### WHAT TO WORK ON
Would you please print exactly the lines that run from the one with "Γυναικείες Κάλτσες Darts" to the last line of the data, both included, without any pictures?

[Stored data]
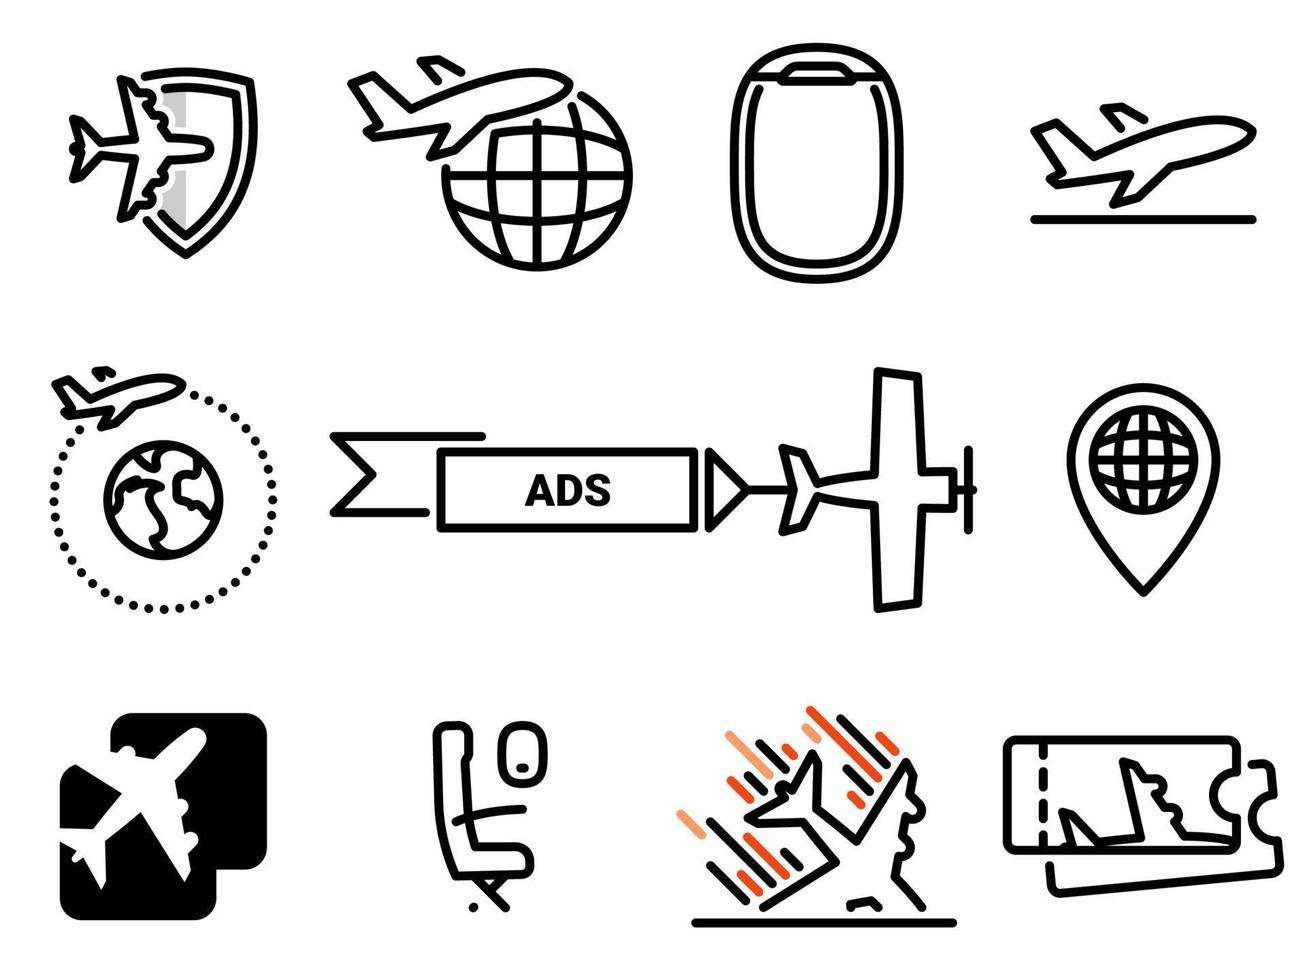 icone vettoriali semplici. illustrazione piatta su un tema trasporto aereo, aereo
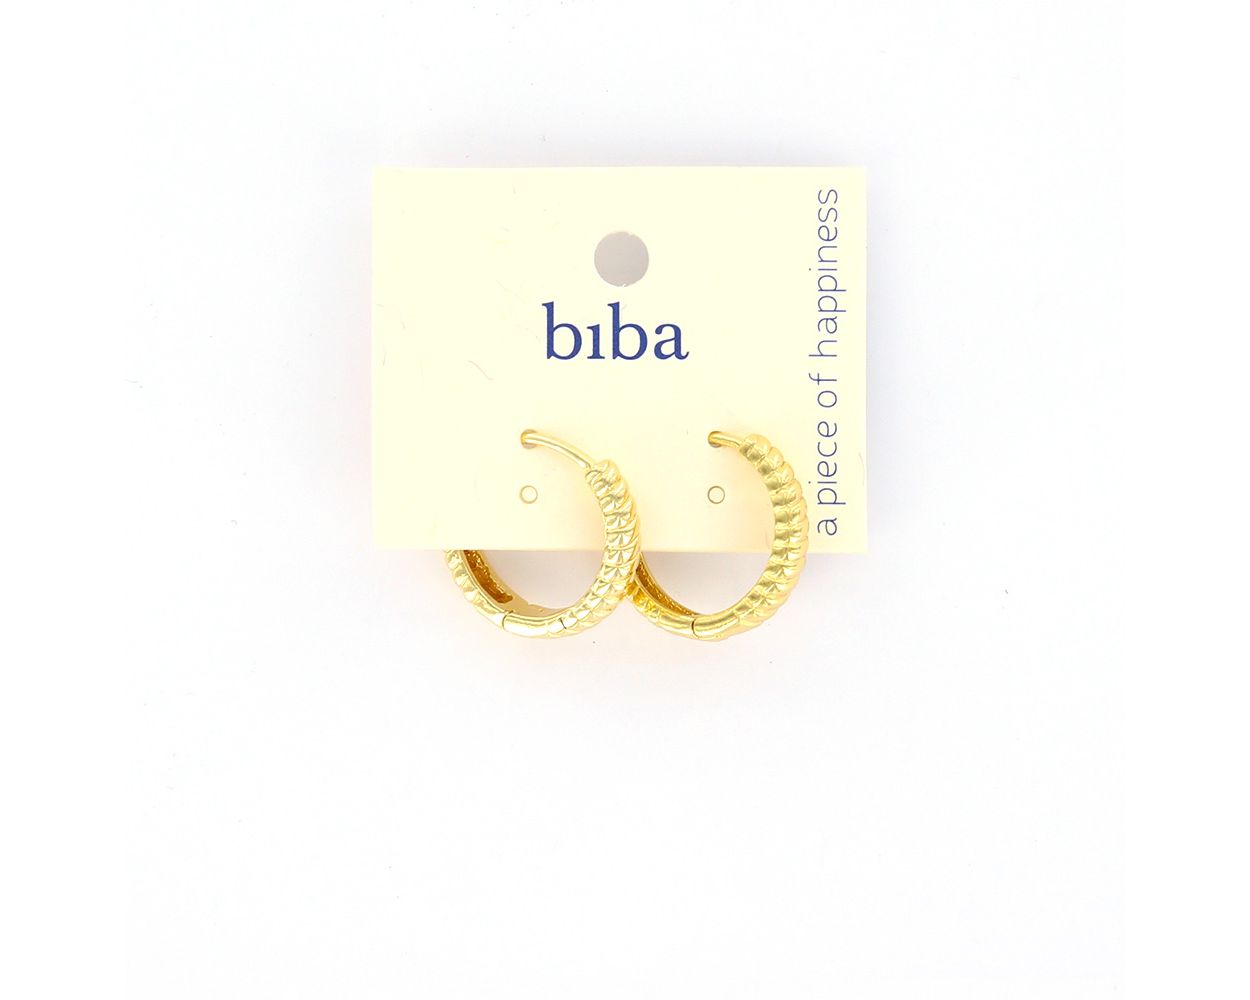 Biba oorbellen Forever Classics - 83510
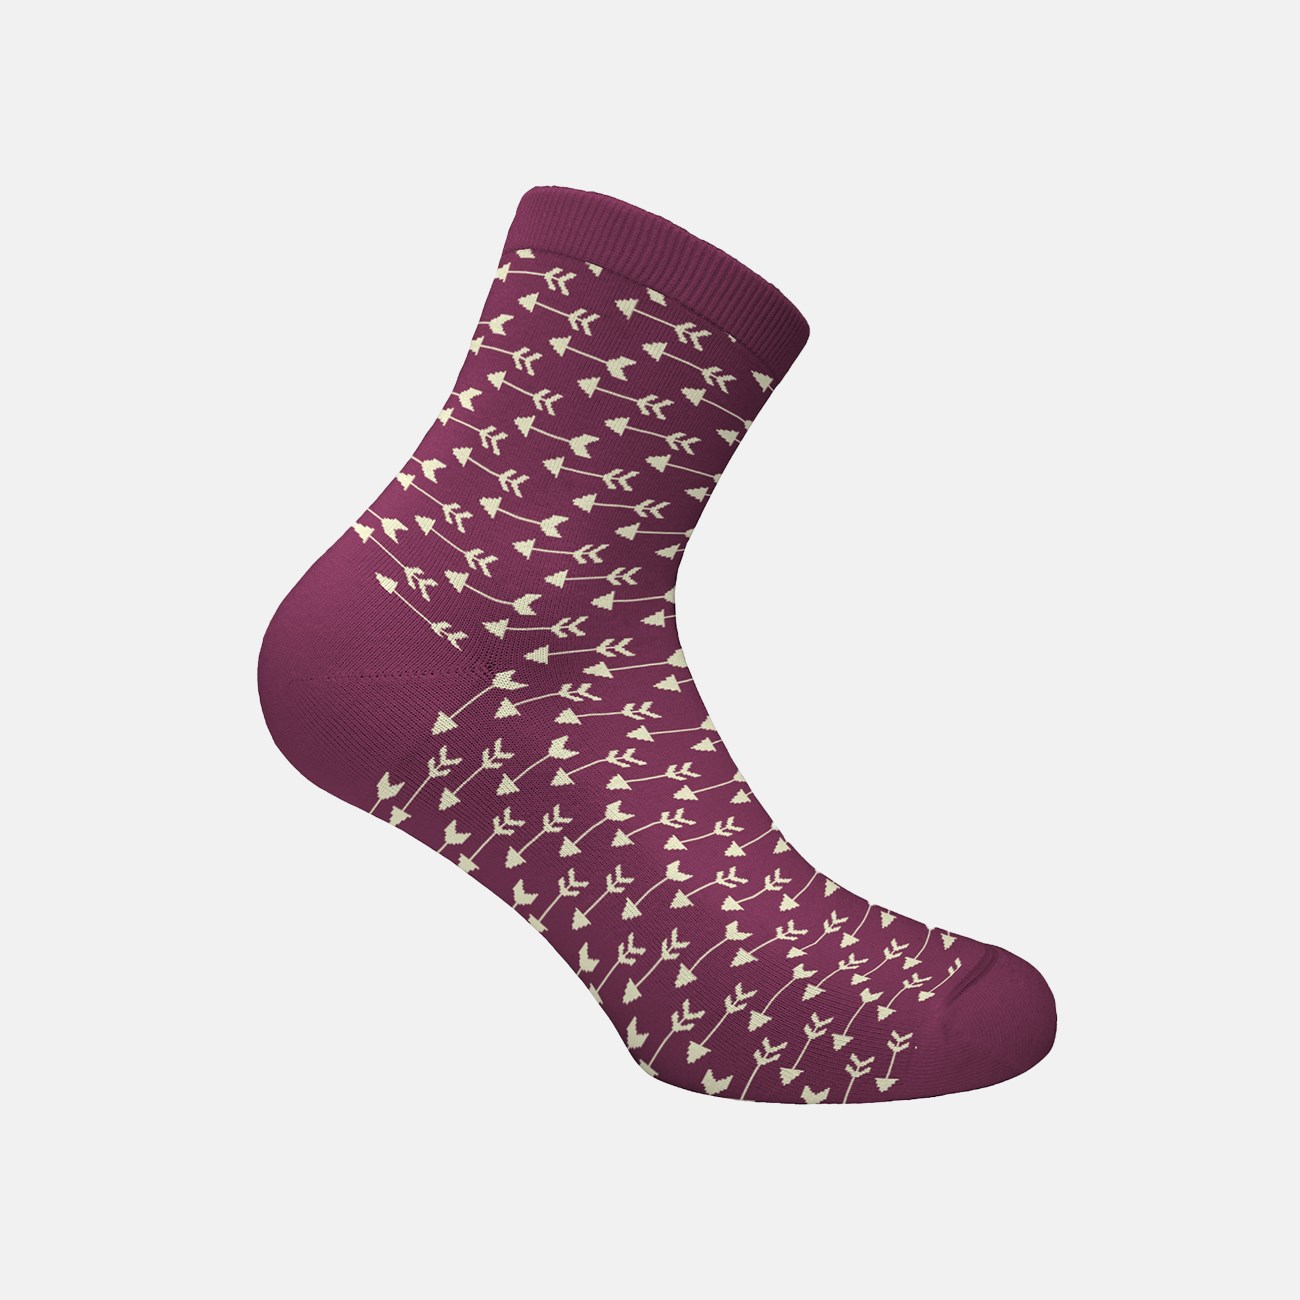  Γυναικείες Κάλτσες Darts W W333-17-39 - The Athlete's Foot
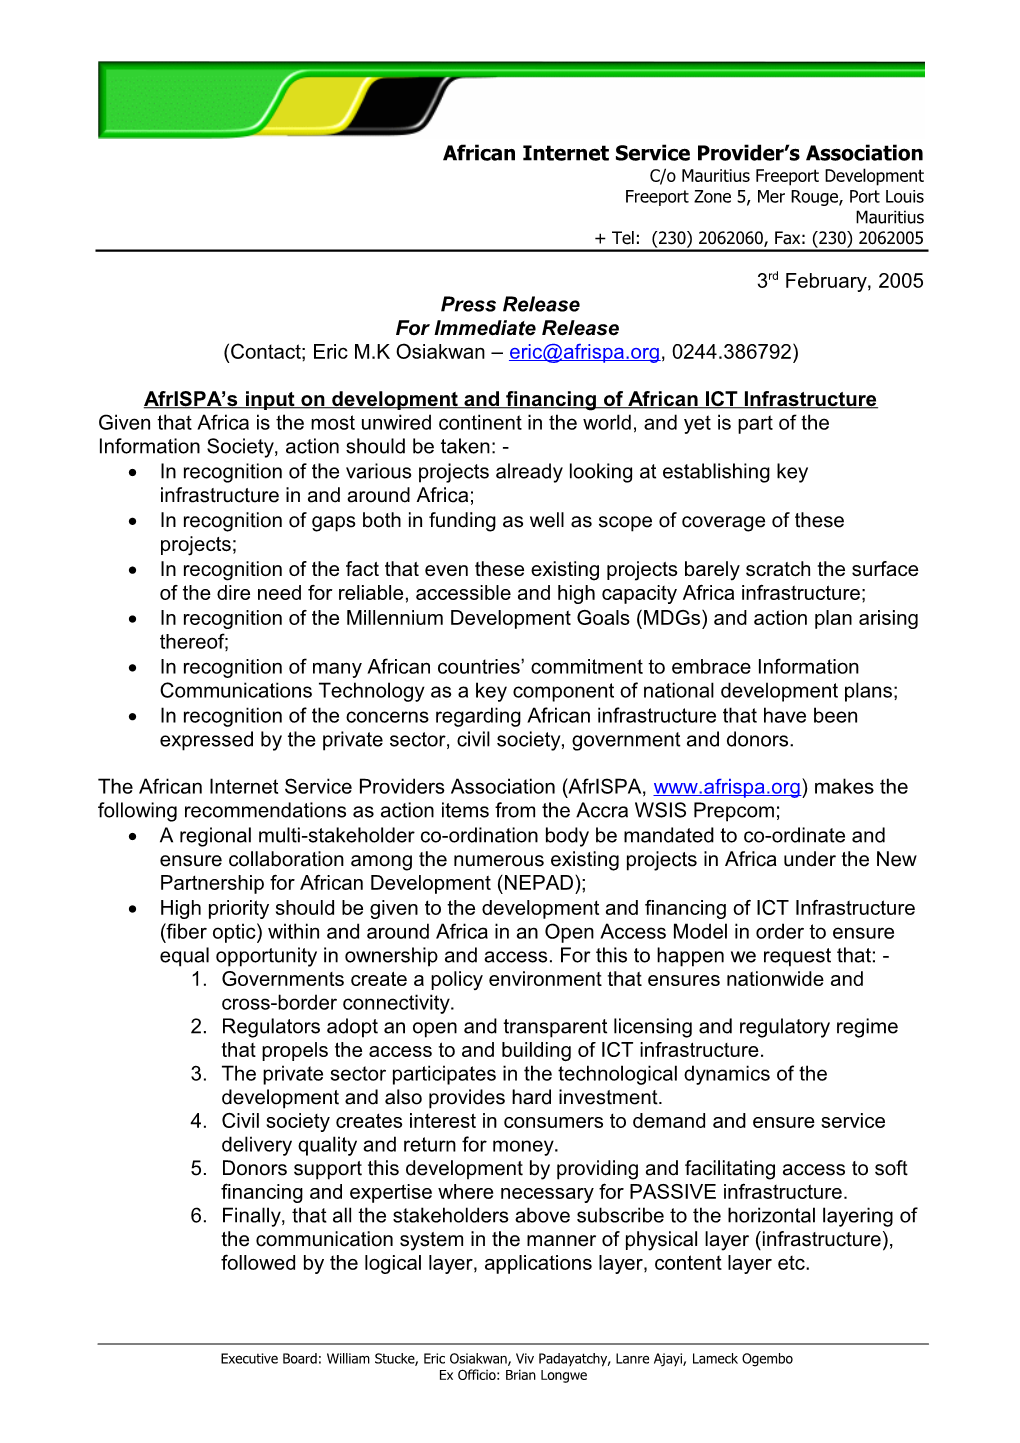 Afrispa Press Release 20041201 Re Internet Governance
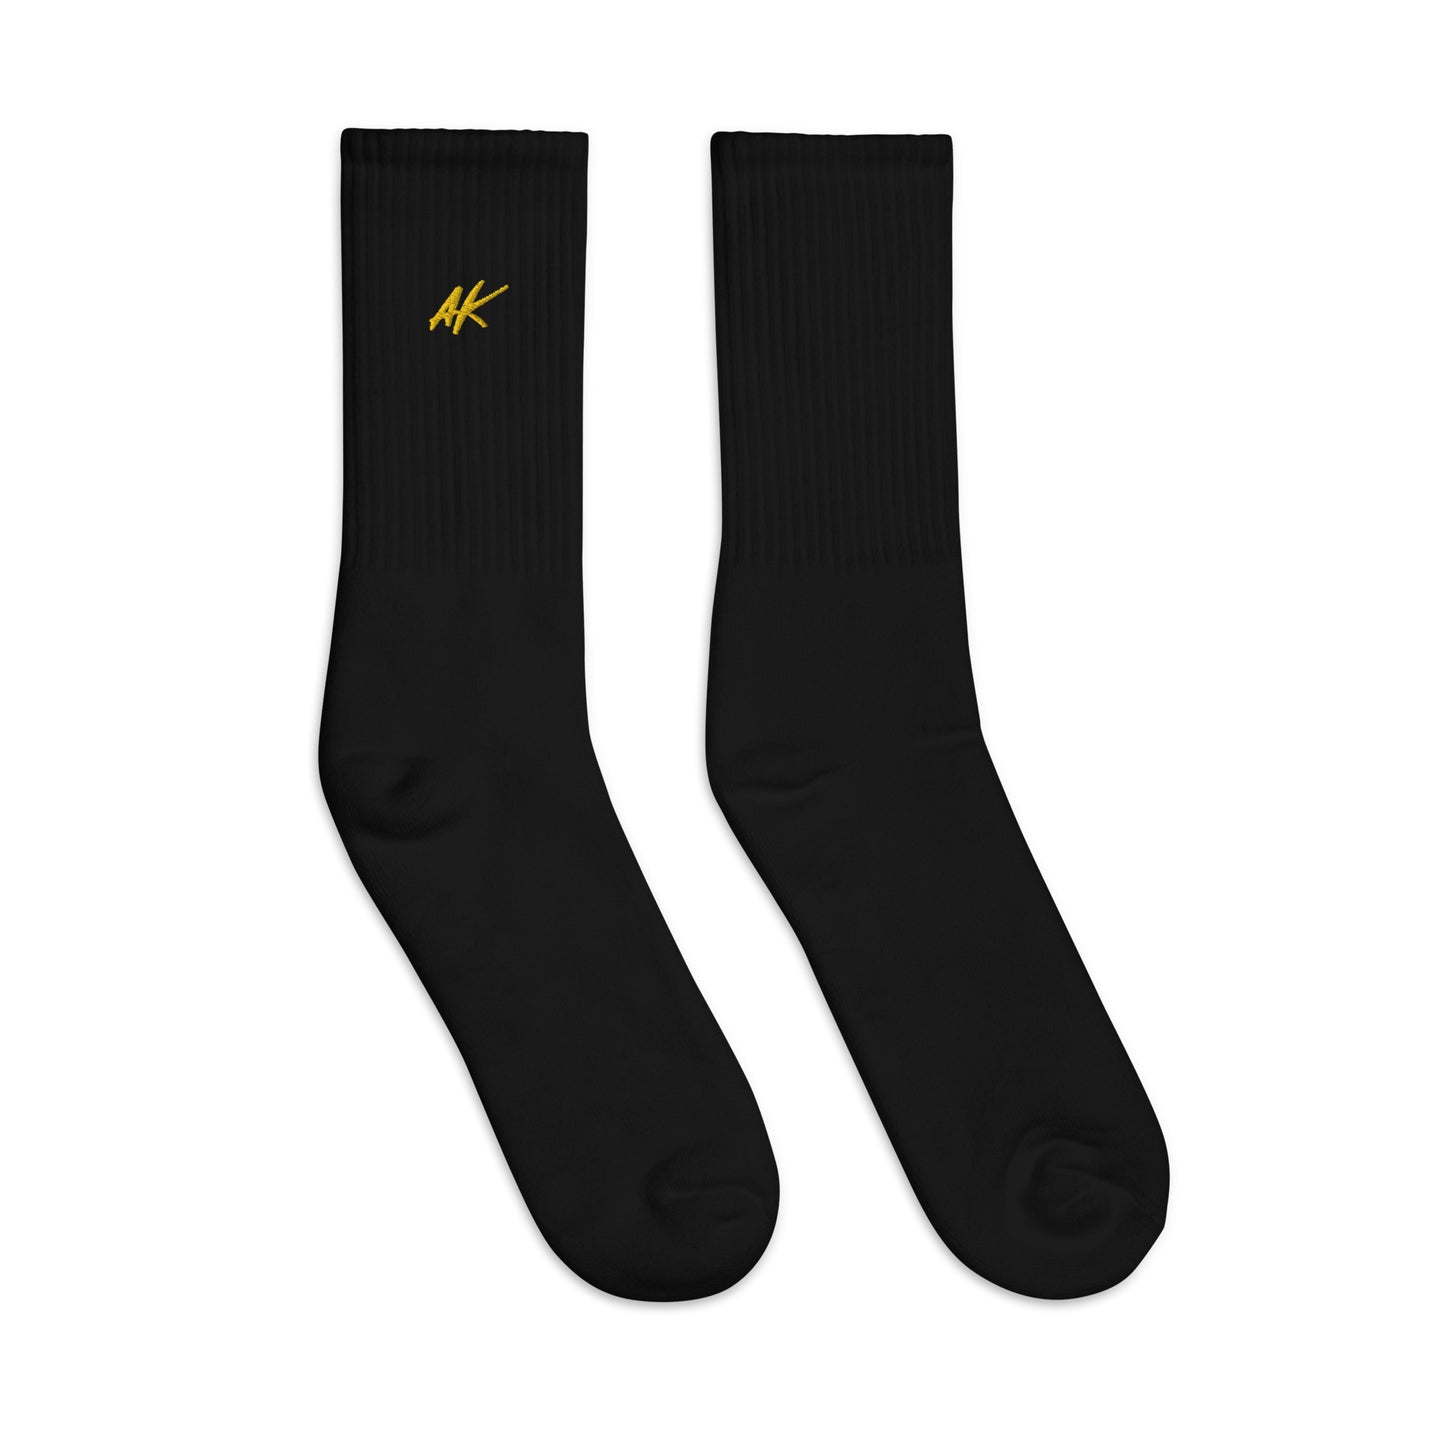 AK socks (gold)

### ANSWER TO THIS PROBLEM
  Γυναικείες Κάλτσες Darts W W333-17-39 - The Athlete's Foot
 Afrispa Press Release 20041201 Re Internet Governance
 AK socks (gold)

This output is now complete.